If the trend gains momentum, state agencies may not be able to release consumer information because information such as a driver's license often is accessed by inputting a Social Security number, Mr. Alldredge adds. This is the "next phase" in the privacy issue, he said. The Social Security number is a "national identity tool" that business has come to rely on, Mr. Alldredge said.

The issue should be determined by looking back to the intent of the Social Security Act, according to Kevin Hennosy, chairman and founder of SpreadtheRisk.org in Kansas City, Mo. A Social Security number should not be used for purposes other than Social Security, he added.

"It is a dangerous number to have floating around," said Robert Hunter, a consumer advocate with the Consumer Federation of America in Washington. It is a critical number to all kinds of a consumer's personal accounts, he noted.

Indiana is one state where this new issue is being advanced. Indiana Attorney General Steve Carter is supporting a privacy bill, Indiana SB 376, that has passed out of the state Senate and is moving through the Assembly. The bill could be voted into law by March 14, when the session ends.

The measure would bar release of a social security number to insurers and others in the public sector unless a court order is obtained or a federal statute requires its dissemination.

Attorneys general's interest in privacy regulation currently has them tracking how privacy standards are being implemented to conform with GLBA. A letter sent in mid-February by 46 attorneys general to the Federal Trade Commission made recommendations on how privacy notices should be implemented in the future.

The attorneys general are recommending short, standard forms. They wrote that "it is clear that millions of consumers did not read or understand the dense text and long discussion contained in thousands of privacy notices developed by financial institutions prior to the initial July 1, 2001, deadline."

They cite the low opt-out rate, less than 5 percent, to forms sent out to meet a July 1, 2001, deadline.
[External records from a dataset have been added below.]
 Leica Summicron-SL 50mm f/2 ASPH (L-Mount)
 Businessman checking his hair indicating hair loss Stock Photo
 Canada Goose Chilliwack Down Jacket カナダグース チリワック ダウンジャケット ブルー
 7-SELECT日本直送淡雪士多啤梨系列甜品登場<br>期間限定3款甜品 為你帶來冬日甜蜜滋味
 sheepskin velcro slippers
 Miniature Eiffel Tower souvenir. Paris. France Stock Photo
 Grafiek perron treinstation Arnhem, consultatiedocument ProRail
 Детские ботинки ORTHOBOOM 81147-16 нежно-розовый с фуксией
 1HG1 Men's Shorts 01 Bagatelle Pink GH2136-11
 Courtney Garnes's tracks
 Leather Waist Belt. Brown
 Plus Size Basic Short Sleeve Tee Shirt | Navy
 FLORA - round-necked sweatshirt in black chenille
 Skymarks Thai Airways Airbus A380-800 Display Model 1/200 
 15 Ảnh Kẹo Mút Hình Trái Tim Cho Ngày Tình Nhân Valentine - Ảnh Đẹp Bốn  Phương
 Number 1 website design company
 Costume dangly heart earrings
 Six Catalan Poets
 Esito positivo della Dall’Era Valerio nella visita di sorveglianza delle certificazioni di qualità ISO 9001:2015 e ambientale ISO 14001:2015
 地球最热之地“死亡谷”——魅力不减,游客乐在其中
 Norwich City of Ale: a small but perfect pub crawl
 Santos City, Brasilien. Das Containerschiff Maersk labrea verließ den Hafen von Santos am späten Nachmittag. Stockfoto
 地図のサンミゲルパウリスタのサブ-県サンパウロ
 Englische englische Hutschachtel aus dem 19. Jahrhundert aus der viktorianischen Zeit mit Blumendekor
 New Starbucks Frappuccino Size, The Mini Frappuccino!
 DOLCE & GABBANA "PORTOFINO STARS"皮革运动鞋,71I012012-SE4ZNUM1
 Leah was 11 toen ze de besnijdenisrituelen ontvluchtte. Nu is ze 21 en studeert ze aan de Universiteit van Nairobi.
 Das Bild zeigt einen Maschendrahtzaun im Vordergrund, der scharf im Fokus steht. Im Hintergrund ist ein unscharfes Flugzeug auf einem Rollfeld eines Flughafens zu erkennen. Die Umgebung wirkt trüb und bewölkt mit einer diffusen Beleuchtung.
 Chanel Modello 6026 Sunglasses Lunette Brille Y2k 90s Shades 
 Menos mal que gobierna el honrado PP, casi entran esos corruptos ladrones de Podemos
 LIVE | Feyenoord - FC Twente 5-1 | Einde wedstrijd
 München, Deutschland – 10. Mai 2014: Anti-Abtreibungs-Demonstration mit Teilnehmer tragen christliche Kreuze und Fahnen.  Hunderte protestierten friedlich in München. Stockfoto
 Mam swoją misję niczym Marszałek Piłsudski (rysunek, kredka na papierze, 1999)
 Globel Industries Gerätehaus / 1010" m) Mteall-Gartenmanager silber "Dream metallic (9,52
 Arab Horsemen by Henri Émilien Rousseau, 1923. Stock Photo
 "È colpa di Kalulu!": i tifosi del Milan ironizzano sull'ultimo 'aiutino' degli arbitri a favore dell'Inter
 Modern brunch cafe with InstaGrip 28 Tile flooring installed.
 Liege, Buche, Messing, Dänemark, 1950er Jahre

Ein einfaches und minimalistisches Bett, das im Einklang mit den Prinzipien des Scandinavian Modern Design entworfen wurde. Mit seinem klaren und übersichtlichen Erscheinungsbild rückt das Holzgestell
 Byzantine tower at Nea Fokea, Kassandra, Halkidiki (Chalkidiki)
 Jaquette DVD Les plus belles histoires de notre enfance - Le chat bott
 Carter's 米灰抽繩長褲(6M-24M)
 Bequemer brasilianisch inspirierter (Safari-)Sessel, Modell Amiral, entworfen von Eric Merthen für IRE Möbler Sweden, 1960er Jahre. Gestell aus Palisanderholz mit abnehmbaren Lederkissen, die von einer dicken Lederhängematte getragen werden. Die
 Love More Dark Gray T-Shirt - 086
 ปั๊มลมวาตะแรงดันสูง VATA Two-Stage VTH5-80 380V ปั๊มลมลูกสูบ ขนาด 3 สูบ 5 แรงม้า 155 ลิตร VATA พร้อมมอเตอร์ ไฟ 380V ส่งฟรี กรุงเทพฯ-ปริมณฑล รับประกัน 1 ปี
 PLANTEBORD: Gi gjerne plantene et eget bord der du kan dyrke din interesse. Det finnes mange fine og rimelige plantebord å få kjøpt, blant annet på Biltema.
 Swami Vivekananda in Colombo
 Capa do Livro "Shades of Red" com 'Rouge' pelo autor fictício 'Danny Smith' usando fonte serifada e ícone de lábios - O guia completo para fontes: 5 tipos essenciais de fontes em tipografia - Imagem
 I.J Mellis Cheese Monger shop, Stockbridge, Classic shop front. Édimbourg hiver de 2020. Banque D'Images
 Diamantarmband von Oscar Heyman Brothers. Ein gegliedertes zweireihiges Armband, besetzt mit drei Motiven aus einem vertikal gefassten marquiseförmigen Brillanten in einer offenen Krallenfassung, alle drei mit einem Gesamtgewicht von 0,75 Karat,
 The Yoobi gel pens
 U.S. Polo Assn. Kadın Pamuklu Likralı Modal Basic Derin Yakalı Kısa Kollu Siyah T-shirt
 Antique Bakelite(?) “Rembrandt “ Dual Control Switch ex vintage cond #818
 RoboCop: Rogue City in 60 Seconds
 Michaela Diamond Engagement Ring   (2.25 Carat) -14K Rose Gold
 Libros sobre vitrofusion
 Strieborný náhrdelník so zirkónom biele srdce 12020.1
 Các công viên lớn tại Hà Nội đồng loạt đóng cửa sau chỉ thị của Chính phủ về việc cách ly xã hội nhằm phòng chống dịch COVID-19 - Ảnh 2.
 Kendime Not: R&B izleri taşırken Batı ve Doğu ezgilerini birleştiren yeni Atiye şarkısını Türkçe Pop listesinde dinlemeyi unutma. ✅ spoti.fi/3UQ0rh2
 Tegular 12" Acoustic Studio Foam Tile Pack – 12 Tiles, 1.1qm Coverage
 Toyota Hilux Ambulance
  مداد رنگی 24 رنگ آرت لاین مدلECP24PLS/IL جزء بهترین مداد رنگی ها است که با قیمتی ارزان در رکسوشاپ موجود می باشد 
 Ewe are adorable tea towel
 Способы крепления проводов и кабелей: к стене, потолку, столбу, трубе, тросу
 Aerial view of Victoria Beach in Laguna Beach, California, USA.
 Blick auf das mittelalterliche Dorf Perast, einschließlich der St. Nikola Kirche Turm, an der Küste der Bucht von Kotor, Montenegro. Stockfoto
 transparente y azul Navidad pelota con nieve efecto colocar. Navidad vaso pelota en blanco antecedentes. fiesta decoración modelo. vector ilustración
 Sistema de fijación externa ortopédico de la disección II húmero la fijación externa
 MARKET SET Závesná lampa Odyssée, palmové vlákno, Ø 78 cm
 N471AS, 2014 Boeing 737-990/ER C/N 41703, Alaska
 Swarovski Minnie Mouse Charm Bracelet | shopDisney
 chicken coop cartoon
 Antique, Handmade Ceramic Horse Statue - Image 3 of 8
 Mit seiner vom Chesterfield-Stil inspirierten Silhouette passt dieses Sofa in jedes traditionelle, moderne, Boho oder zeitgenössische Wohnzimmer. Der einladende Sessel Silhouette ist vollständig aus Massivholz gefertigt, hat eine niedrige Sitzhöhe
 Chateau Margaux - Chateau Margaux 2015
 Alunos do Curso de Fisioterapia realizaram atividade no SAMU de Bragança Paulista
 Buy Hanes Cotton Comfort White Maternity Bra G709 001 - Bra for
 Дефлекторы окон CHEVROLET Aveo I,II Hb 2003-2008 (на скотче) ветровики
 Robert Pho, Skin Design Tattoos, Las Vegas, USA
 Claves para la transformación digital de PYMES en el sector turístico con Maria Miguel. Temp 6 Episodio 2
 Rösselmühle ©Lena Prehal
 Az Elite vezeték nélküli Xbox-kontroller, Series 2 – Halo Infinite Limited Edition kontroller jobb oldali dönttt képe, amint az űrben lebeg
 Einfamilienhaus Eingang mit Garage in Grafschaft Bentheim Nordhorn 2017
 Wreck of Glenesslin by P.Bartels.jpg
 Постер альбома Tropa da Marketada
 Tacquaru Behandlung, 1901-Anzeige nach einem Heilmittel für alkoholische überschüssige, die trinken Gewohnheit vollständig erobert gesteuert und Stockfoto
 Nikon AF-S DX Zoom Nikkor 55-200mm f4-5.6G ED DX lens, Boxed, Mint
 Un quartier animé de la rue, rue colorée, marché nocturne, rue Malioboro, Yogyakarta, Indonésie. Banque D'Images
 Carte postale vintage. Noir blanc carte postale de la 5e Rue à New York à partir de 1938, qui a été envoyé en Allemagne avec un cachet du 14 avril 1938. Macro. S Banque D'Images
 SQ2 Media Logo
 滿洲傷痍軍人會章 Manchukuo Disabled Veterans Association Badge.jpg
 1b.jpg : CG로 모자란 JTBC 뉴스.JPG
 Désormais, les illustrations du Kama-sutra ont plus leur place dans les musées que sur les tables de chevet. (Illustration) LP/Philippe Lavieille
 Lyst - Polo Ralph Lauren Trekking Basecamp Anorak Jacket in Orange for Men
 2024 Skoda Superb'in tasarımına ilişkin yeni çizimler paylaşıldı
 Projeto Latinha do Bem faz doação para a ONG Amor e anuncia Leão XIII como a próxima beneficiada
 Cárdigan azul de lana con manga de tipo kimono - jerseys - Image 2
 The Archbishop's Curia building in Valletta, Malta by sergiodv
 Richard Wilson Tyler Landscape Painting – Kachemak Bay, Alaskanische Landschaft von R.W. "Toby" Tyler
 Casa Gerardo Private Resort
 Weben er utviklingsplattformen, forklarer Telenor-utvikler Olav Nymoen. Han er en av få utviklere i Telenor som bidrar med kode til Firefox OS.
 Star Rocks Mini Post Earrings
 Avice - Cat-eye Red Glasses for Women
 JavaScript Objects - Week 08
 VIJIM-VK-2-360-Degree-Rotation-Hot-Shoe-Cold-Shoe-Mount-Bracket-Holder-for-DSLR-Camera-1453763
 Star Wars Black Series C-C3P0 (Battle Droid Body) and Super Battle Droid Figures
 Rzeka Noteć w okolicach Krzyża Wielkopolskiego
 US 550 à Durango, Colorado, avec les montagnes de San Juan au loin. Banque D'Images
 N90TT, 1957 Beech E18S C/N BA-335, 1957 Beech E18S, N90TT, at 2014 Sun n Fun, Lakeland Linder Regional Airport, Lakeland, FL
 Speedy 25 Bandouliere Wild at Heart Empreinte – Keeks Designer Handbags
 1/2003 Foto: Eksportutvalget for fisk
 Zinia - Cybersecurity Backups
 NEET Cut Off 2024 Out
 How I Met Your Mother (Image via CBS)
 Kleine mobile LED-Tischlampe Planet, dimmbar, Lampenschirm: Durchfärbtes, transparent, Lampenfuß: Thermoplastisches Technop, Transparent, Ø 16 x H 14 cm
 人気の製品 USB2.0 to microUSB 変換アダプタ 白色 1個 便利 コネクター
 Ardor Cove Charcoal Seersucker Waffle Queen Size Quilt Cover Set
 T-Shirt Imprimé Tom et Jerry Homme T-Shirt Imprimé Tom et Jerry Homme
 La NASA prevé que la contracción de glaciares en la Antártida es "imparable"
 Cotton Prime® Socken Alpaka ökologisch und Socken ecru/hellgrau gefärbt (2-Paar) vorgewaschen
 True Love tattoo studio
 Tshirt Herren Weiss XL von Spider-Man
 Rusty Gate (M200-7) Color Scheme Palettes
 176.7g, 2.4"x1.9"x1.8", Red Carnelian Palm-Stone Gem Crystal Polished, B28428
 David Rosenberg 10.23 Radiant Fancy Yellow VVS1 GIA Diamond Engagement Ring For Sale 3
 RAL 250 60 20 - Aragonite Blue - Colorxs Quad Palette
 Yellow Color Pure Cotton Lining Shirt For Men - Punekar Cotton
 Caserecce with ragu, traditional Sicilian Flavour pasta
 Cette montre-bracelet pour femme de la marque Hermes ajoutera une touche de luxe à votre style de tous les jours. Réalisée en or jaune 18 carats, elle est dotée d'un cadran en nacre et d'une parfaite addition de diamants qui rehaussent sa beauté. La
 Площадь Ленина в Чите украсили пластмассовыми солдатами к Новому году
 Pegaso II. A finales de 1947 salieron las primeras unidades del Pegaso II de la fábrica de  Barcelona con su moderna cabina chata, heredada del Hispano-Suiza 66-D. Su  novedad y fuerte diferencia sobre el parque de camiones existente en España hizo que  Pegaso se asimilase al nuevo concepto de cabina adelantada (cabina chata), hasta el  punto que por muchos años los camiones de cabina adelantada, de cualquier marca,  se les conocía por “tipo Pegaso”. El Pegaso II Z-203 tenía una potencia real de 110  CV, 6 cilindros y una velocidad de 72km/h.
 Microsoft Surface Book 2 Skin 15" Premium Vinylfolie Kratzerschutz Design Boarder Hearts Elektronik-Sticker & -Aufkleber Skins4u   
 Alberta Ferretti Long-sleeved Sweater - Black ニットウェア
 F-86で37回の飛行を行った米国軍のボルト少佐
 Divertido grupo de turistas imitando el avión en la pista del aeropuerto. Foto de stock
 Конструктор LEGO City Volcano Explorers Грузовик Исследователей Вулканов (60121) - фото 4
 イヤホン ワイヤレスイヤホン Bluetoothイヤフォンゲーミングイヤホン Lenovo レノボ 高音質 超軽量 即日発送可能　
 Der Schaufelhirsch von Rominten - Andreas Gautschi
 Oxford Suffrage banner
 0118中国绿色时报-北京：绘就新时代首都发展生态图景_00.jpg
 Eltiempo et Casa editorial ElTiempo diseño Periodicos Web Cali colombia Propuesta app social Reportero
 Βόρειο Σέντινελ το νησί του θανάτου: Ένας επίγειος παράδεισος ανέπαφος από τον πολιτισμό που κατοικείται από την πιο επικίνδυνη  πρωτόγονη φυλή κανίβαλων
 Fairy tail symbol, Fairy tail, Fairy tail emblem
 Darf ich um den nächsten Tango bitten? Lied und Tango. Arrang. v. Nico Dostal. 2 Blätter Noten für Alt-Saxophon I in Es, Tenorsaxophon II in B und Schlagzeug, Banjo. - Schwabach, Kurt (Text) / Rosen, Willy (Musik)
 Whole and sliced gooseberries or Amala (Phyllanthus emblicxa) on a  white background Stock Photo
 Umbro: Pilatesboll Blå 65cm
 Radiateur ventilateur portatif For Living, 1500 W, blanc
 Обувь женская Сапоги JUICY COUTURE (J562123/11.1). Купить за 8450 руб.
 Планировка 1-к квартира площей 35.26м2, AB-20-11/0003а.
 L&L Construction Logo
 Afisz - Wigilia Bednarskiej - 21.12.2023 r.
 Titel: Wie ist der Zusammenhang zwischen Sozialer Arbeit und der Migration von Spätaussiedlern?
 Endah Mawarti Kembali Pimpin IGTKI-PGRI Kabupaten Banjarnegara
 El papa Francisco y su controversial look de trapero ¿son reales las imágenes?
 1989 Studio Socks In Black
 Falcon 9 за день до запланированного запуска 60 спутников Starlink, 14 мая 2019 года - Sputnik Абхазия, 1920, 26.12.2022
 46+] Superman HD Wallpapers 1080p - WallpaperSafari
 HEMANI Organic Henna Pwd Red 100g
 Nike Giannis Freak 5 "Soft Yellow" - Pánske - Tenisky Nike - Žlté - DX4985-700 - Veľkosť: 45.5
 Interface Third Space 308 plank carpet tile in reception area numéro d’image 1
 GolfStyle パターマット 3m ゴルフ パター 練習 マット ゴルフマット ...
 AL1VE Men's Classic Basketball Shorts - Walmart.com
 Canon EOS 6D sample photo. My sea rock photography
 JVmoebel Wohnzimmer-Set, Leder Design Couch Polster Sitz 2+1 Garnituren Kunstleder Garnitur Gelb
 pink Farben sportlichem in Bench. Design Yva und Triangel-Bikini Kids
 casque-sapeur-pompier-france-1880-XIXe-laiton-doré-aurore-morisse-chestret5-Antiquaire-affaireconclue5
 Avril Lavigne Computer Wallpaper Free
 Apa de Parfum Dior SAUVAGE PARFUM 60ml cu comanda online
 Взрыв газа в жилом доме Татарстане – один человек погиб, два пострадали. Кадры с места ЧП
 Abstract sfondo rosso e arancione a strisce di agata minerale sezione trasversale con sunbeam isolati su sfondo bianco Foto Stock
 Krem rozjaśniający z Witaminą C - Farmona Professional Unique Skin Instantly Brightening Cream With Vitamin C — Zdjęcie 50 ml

An opt-out is a request by a consumer that nonpublic personal information not be used.

Icons or a format similar to a food label developed by the Food and Drug Administration to signify different consumer preferences on privacy are being advocated by the attorneys general.

Indeed, the attorneys general argued in their letter that consistency will cut down on compliance costs and enhance competition by making comparisons easier.